[Maruja by Bret Harte]@TWC D-Link book
Maruja

CHAPTER III
19/36

Single horsemen and carriages began to arrive; and, mingled with the modern turnouts of the home party and the neighboring Americans, were a few of the cumbrous vehicles and chariots of fifty years ago, drawn by gayly trapped mules with bizarre postilions, and occasionally an outrider.
Dark faces looked from the balcony of the patio, a light cloud of cigarette-smoke made the dark corridors the more obscure, and mingled with the forgotten incense.

Bare-headed pretty women, with roses starring their dark hair, wandered with childish curiosity along the broad veranda and in and out of the French windows that opened upon the grand saloon.

Scrupulously shaved men with olive complexion, stout men with accurately curving whiskers meeting at their dimpled chins, lounged about with a certain unconscious dignity that made them contentedly indifferent to any novelty of their surroundings.

For a while the two races kept mechanically apart; but, through the tactful gallantry of Garnier, the cynical familiarity of Raymond, and the impulsive recklessness of Aladdin, who had forsaken his enchanted Palace on the slightest of invitations, and returned with the party in the hope of again seeing the Princess of China, an interchange of civilities, of gallantries, and even of confidences, at last took place.
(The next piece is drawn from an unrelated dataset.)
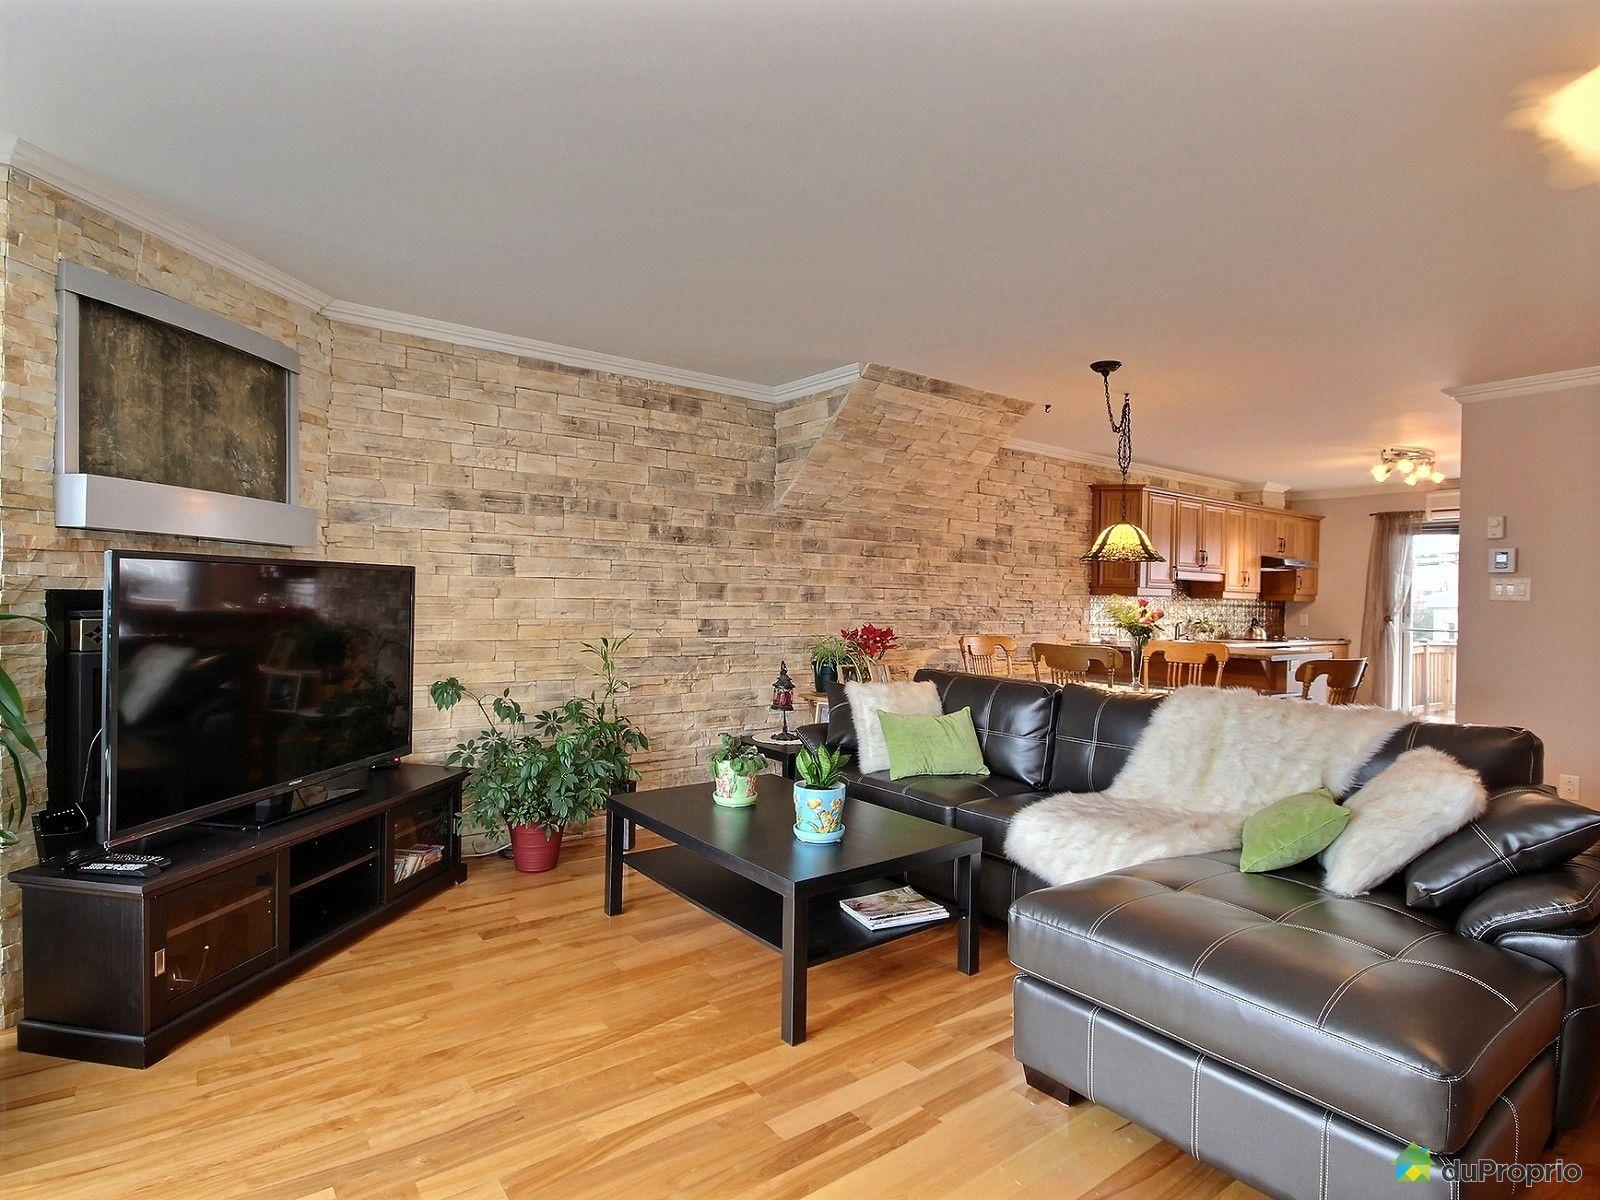 bi g n ration vendre mascouche 2846 2848 rue fran oise. Black Bedroom Furniture Sets. Home Design Ideas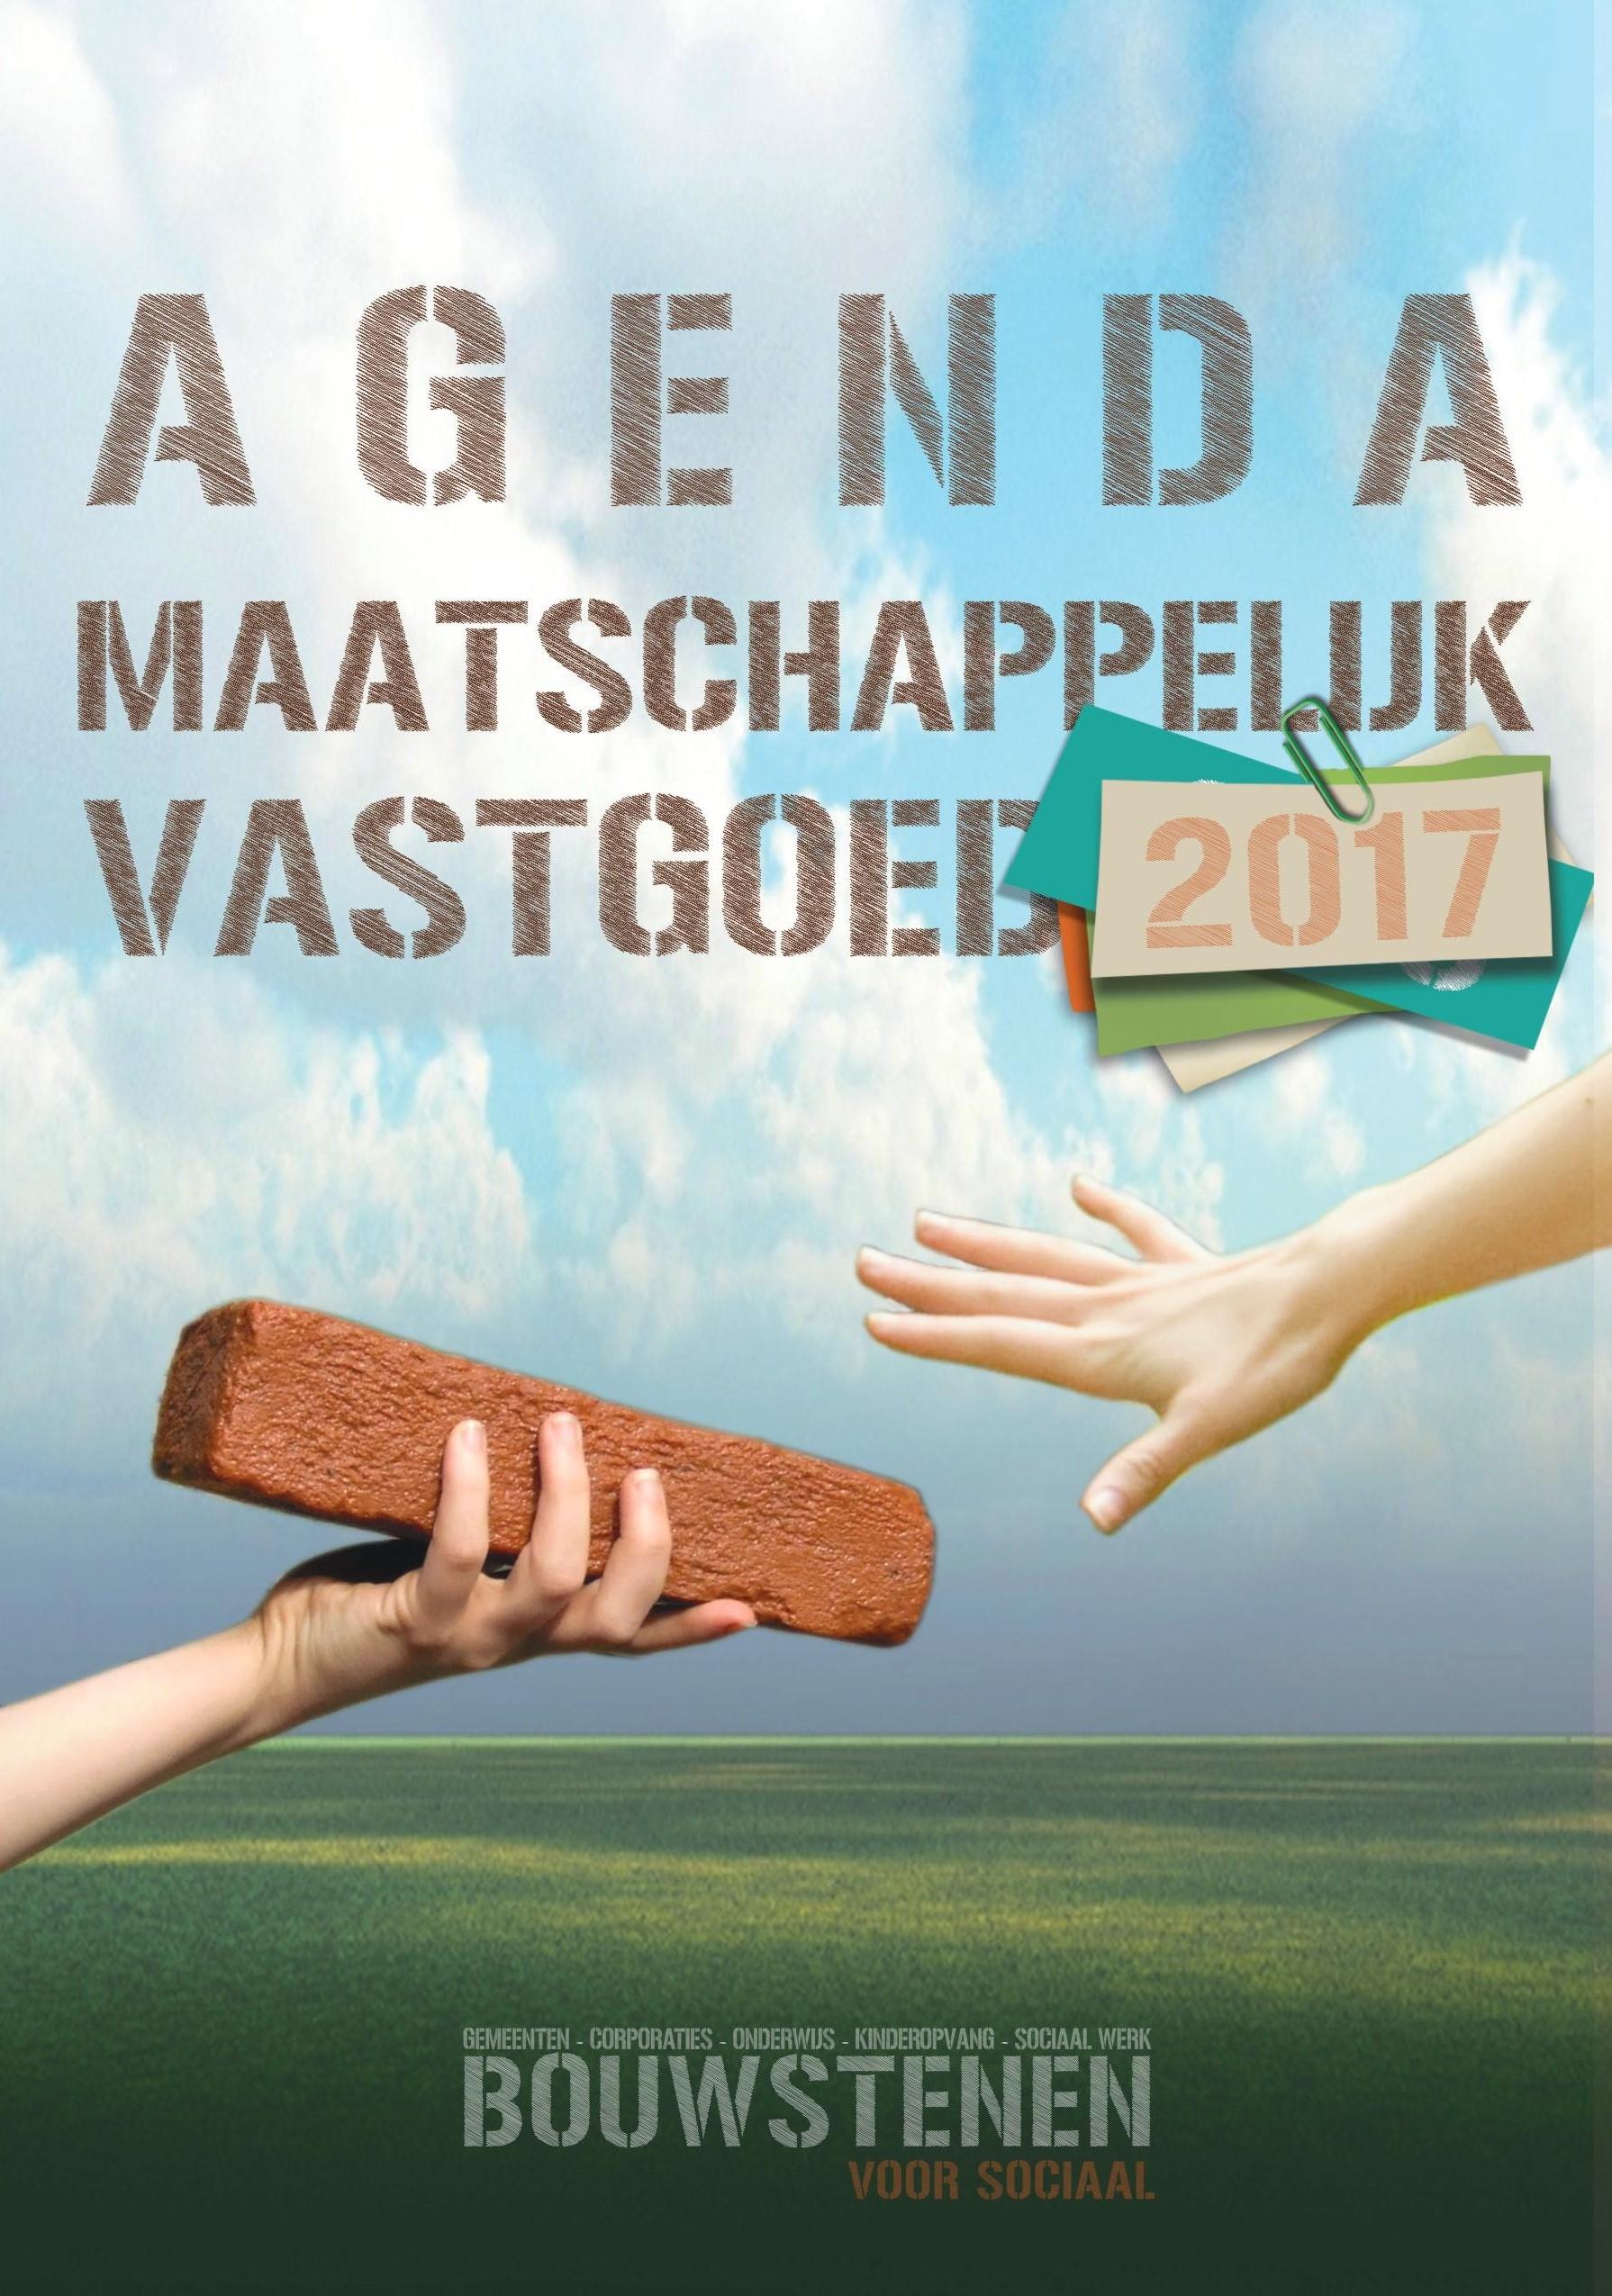 Agenda Maatschappelijk Vastgoed 2017

Jovita Castro had heard (who had not ?) of the wonders of Aladdin's Palace, and was it of actual truth that the ladies had a bouquet and a fan to match their dress presented to them every morning, and that the gentlemen had a champagne cocktail sent to their rooms before breakfast?
"Just you come, Miss, and bring your father and your brothers, and stay a week and you'll see," responded Aladdin, gallantly.